Children Are a Joy and Other Dirty Lies

I’ll never forget Easter morning this year (never mind that it was like three days ago). Not for the good reasons, like, you know, THE RISEN LORD.

 It is because the baby woke up around five to moan juuuust loud and long enough for us to wake up and toss and turn and rip our earplugs out and glare at each other.
My husband and I were both in nursery that morning at church. Parents dropping off their kids were frazzled and tired, just like us. Some kids freaked out and clung to their parents, forcing the parent to kneel down in their dress clothes and try to convince the child that the world will not end if they leave.

I eyed the childless people walking in, looking fresh and happy, getting to talk with other grown ups and sip coffee and not worry about spit up getting all over their shirts. I WAS TOTALLY JEALOUS.

I imagine them lounging in cashmere until 9am, and then having a leisurely breakfast with two hands and no baby food in sight. Putting on make-up without feeling like there is a ticking time bomb in the next room.

I used to be in the fresh and happy childless club. I got to smile and hold other people’s babies and then go take a nap. I got to go to brunch and not worry about interfering with nap-time (the baby’s, not mine). I used to not think about places I can go to that are “stroller friendly”. Oh my gosh, I used to be able to sit and think and write for as long as I wanted. What have I done?!

I remember thinking: Why are we doing this to ourselves? Is it really worth it?

I know, I know…what a terrible thing for a mother to say. (If you ever read this Bera and other future children, I love you!!)

The honest truth is this: children are a pain. They aren’t reasonable, they don’t like to sleep (unless you need to go somewhere, then suddenly nap-time is forever and you miss your commitment), they scream in public, they need to eat constantly then they spit it up all over you and your nice things and they don’t really care if it is cramping your style.

 And when I say they are a “pain” I don’t mean it just at the superficial level; just an annoyance. I mean it is a pain to my comfort. It is a stab in my inclination that wants to rest, to eat in peace, to be free or to have an “exciting” or glamorous life. It threatens my agenda and my well being. And perhaps not just when they are little, but maybe longer, into the young adult years. People say it is “rewarding”, but what if it’s not?

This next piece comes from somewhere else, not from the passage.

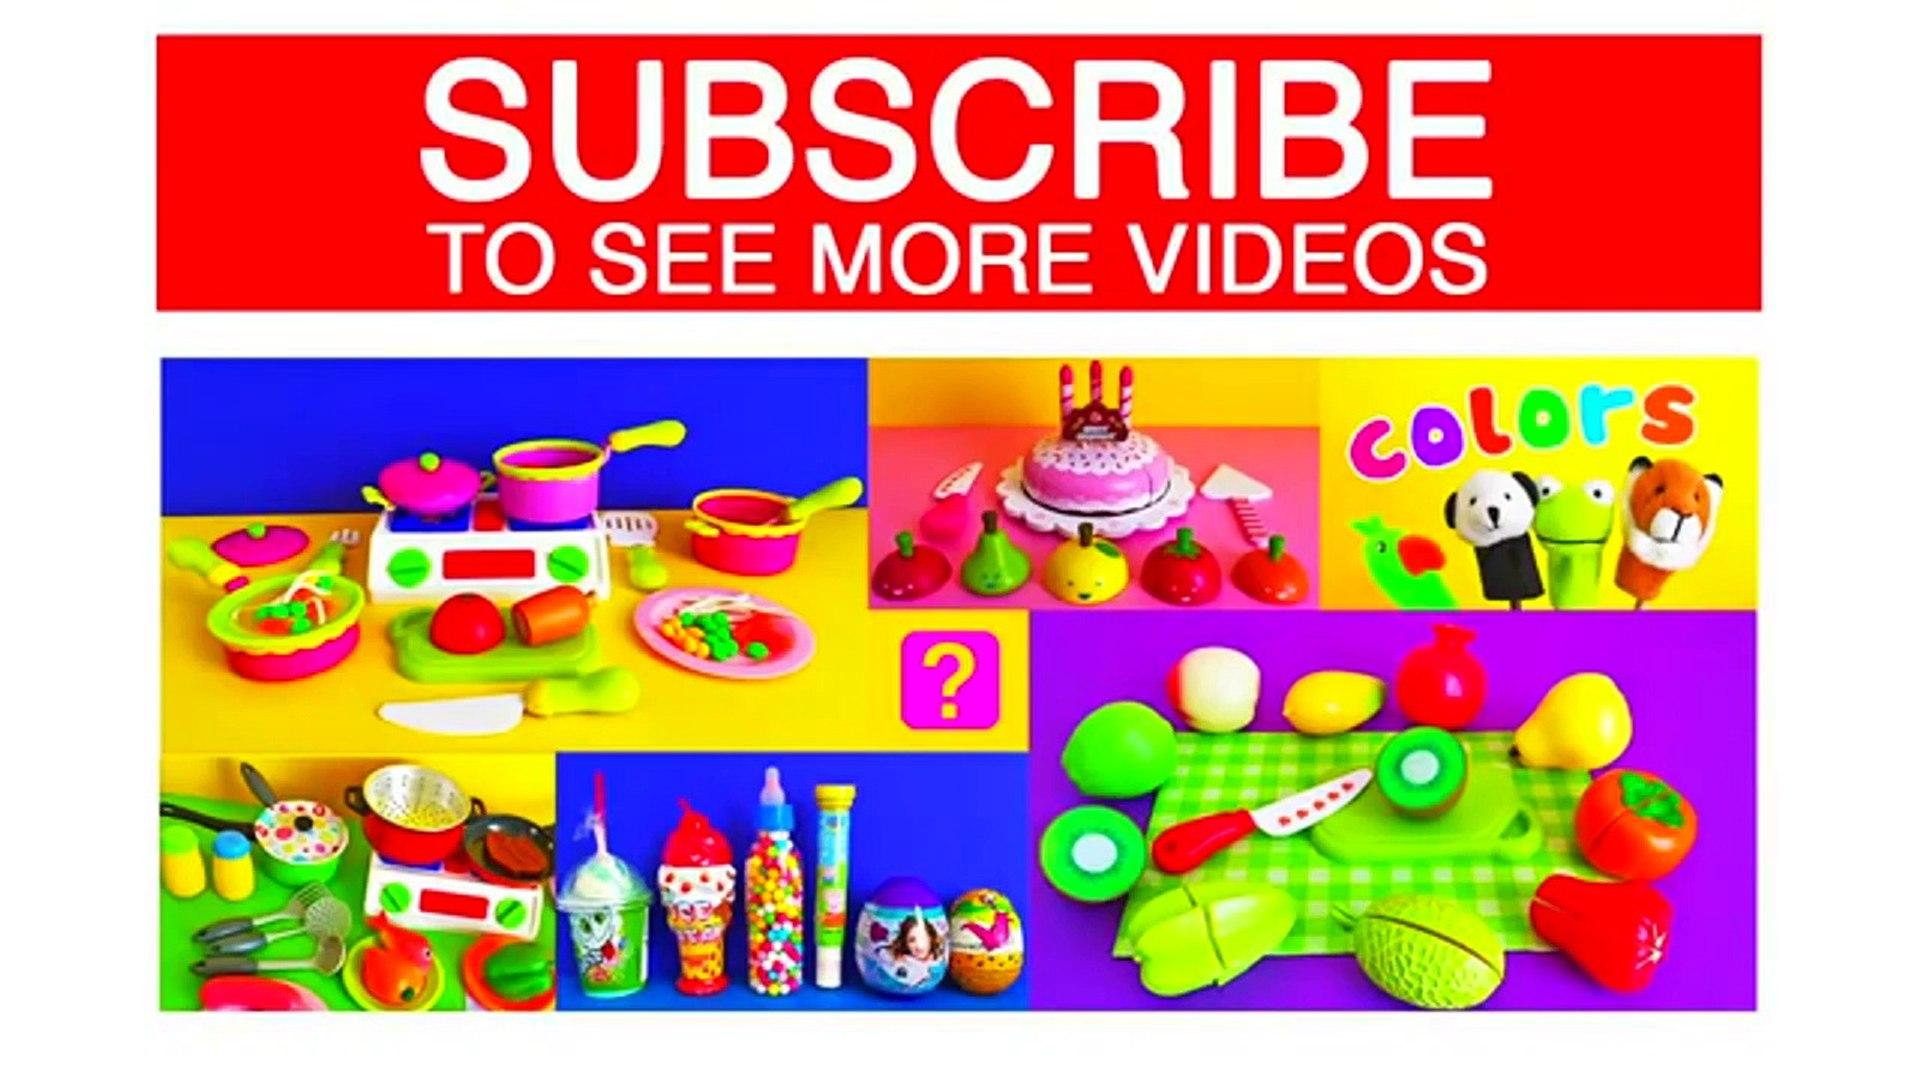 Mainan Mainan Masak Masakan Mainan Blender Mainan Anak Perempuan Terbaru Video Dailymotion

Yes, of course they are cute and they laugh and you can post all kinds of adorable pictures on Instagram. They can bring us joy. And they do. So much that I think I might explode when Bera smiles up at me with that dopey smile and sleepy eyes after a nap. But that is not why we have children, is it?

Then why?

From a completely practical viewpoint, I would say so that I have someone to care for me when I’m old. But this can’t be the reason. The horrible truth is that some kids die before their parents or just aren’t able to care for them.

I have been thinking and thinking on this and perhaps I will never know that deepest reasons, but I can take a guess.
Maybe we have children so that we learn how to let this pain burn away our selfishness. 
Maybe it is so that we know this deep, deep love that helps us understand the love that the Father has for us.

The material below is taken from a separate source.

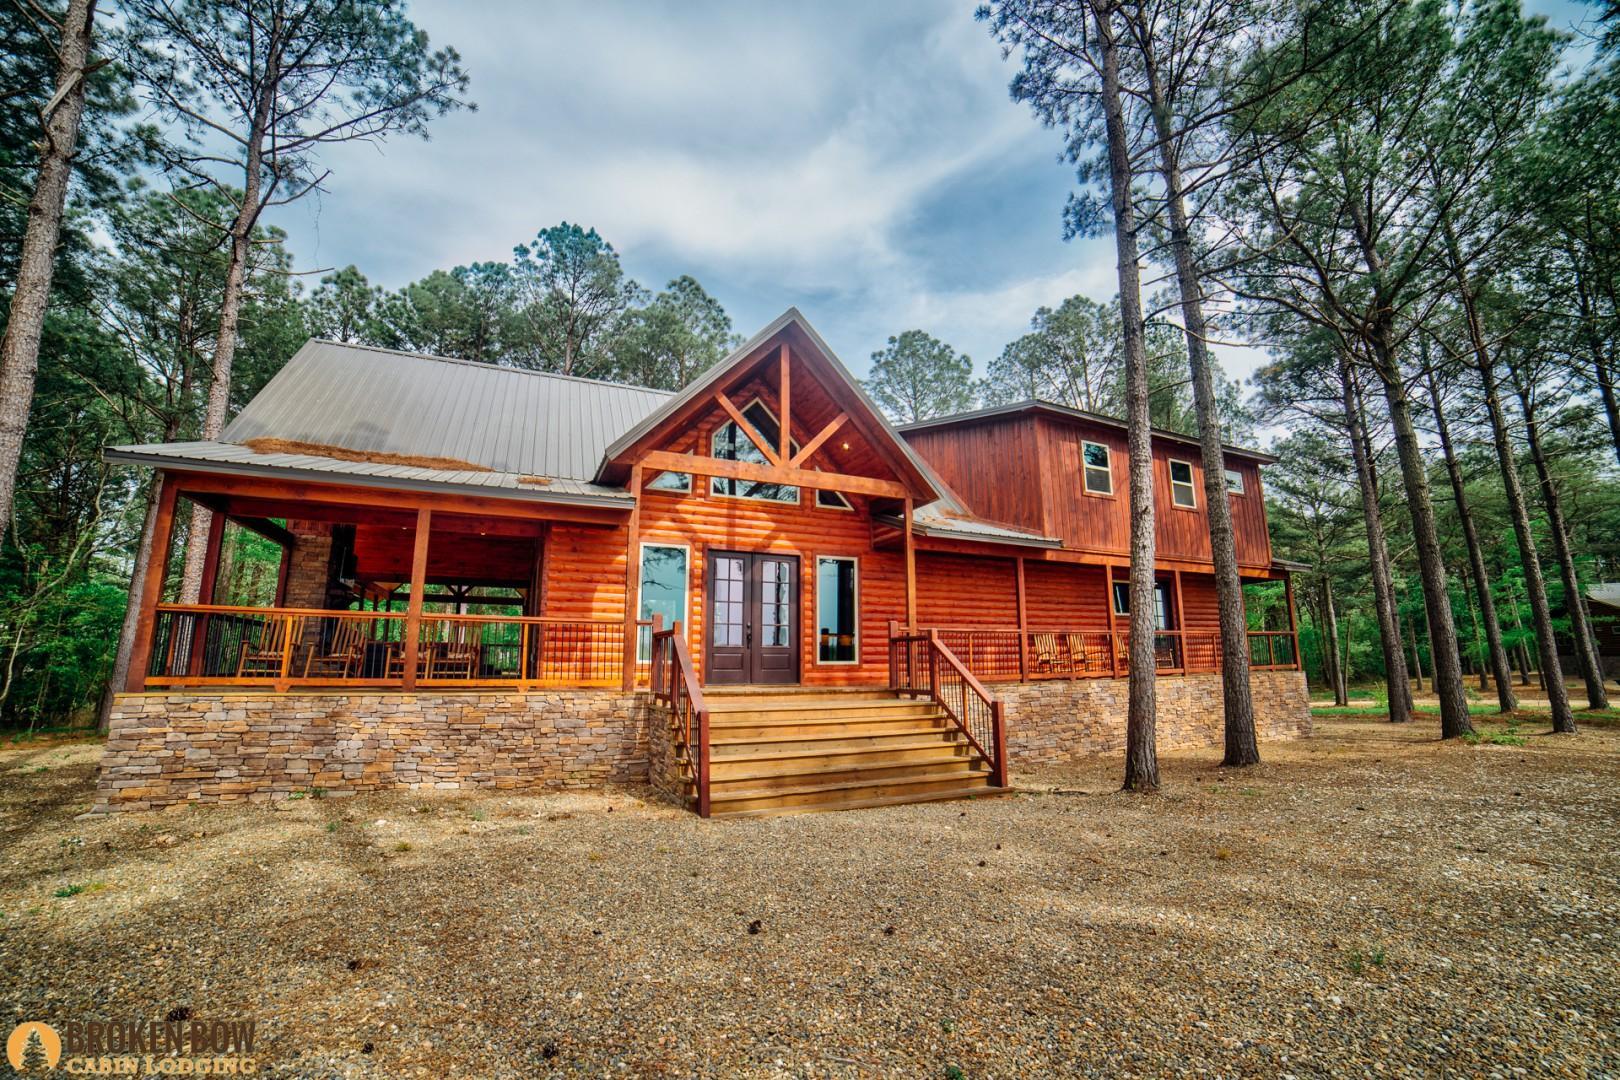 Lookout Ridge Lodge

But I think that anything that has to do with people is insanely important. I do. They last forever and they matter more than any other thing. I think that interacting with cashiers, traffic cops and friends matters more than we will ever know.

And when you have a kid…that’s a whole lot of interacting. That’s a lot of the stuff that matters and lasts forever.

 

 

This is not about me molding a person into how I want them to be (tempting) or to be a mini version of myself, but showing a person the grace that I have found to be redemptive and amazing. A human I see everyday that needs to know the love of Jesus.     This is not so that I can feel important or comfortable or always “happy” necessarily. But for a person who will last for eternity to know they are loved by me, even if they can’t return it, and forever cherished by Christ.